On the surface, the maxim in Swift’s Tumblr post—”You deserve to own the art you make”—might seem obvious. But that’s not the way things work in the music industry. It’s entirely commonplace for record companies to hold the rights to artists’ music, and for those rights to be bought and sold with little regard for the preferences of the people who actually wrote the songs and played the instruments. To cite just one infamous example, Michael Jackson bought the rights to the Beatles catalog for $47.5 million in 1985, creating a rift in his friendship with Paul McCartney, who particularly disagreed with Jackson’s decision to license the group’s songs to commercials.

This dynamic is hardly limited to music. Many publications have contracts with freelancers that include what’s known as a “rights grabs” clause—which asks writers to sign away the copyright that would have allowed them to make money should the article be adapted into a book or get turned into a screenplay.  Inventors often make very little profit from their innovative ideas, whether because they didn’t secure a patent or because, like Superman creators Jerry Siegel and Joe Shuster, they sold the rights to their creations for a pittance only to have the work take off. Even NASA can’t necessarily hang onto its own property. In 1976, the space agency auctioned off more than 1,000 reels of videotape that happened to include one of just three surviving copies of the footage from the historic Apollo 11 Moon landing, and now the person who bought it—a former NASA intern himself—is putting the tape on the block at Sotheby’s.

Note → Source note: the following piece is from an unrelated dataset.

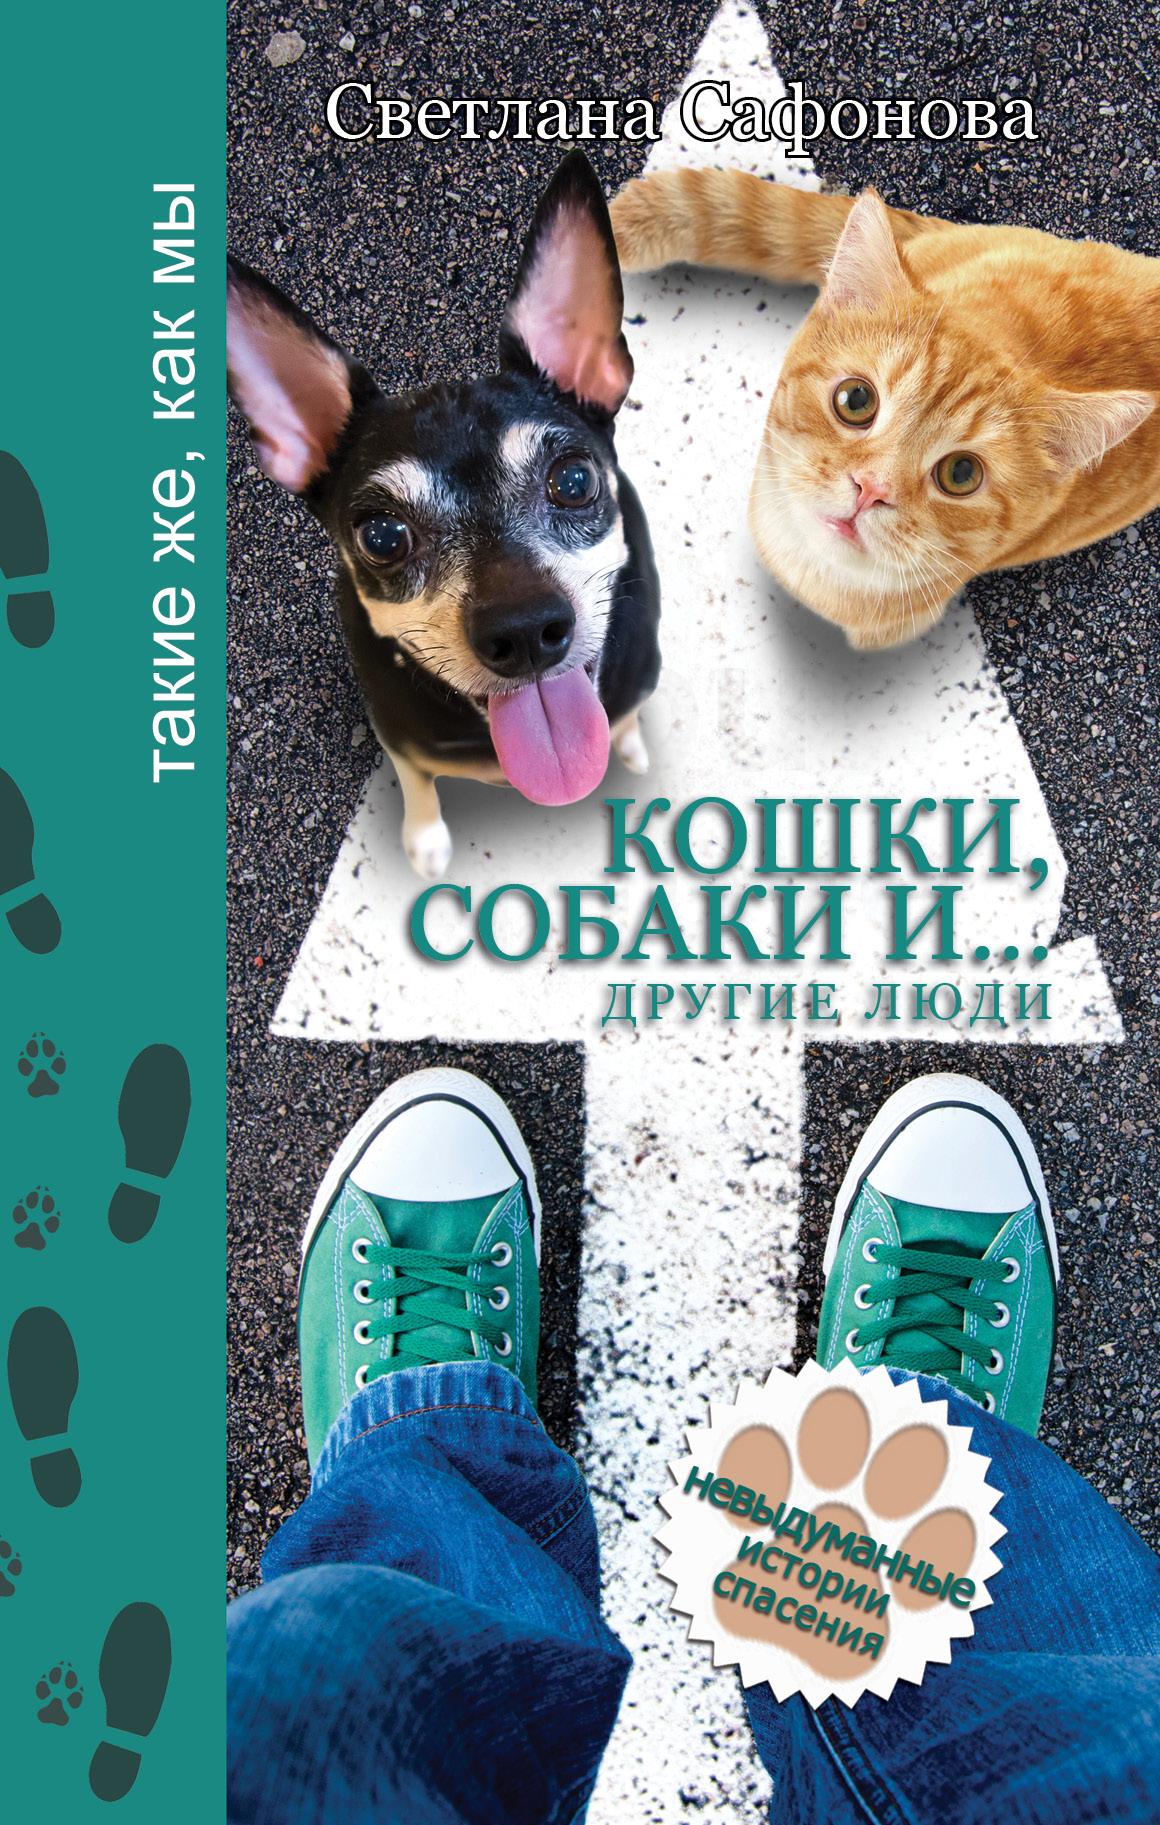 Сафонова С. Кошки, собаки и... другие люди иеромонах серафим параманов об отношении к животным

The upshot, as described by Noah Berlatsky in an article for NBC Think, is that in a capitalist society, it’s perfectly normal for creators to be deprived of the rights to their work. Marx himself argued this was the conceit that capitalism is built upon: Workers get paid wages in order to produce things that don’t belong to them, whether that’s songs or sweaters or steel rods, while the few who control the means of production—say, industrial machinery (or record labels)—actually own the goods and reap the benefits when they are sold. Marx said that the inevitable result of this system is “alienated labor,” in which workers are estranged from their work and thus, from themselves.

Swift, of course, has had plenty of opportunity to profit from her body of work even without owning her recordings. But as Berlatsky points out, the majority of workers aren’t nearly so lucky. “The catch here is that most people not only don’t own their labor but aren’t in a cultural position to even imagine owning it,” he writes. “Swift can say, ‘I should own my albums,’ and it makes instant sense. But if an assembly line worker said, ‘I should own my cars,’ or a Walmart employee said, ‘I should own my store’ they’d receive substantially less public support, presuming they could even find anyone to listen.”

That said, creative professionals and artists do seem increasingly invested in finding ways to challenge the status quo. As Swift writes in her Tumblr post, one of the reasons she signed with her new record label, Universal Music Group, was that the deal gives her ownership over her master recordings. Writers and photojournalists are pushing back against rights grabs, while musicians like Amanda Palmer and Chance the Rapper have opted not to sign with record labels in order to retain control of their work. And on the small-business level, the Harvard Business Review predicts that employee-owned companies, already gaining traction in the US, will continue to grow in popularity over the next few decades.

Changing a system that regularly demoralizes workers by removing their sense of ownership over the things they create, however, is a much bigger endeavor.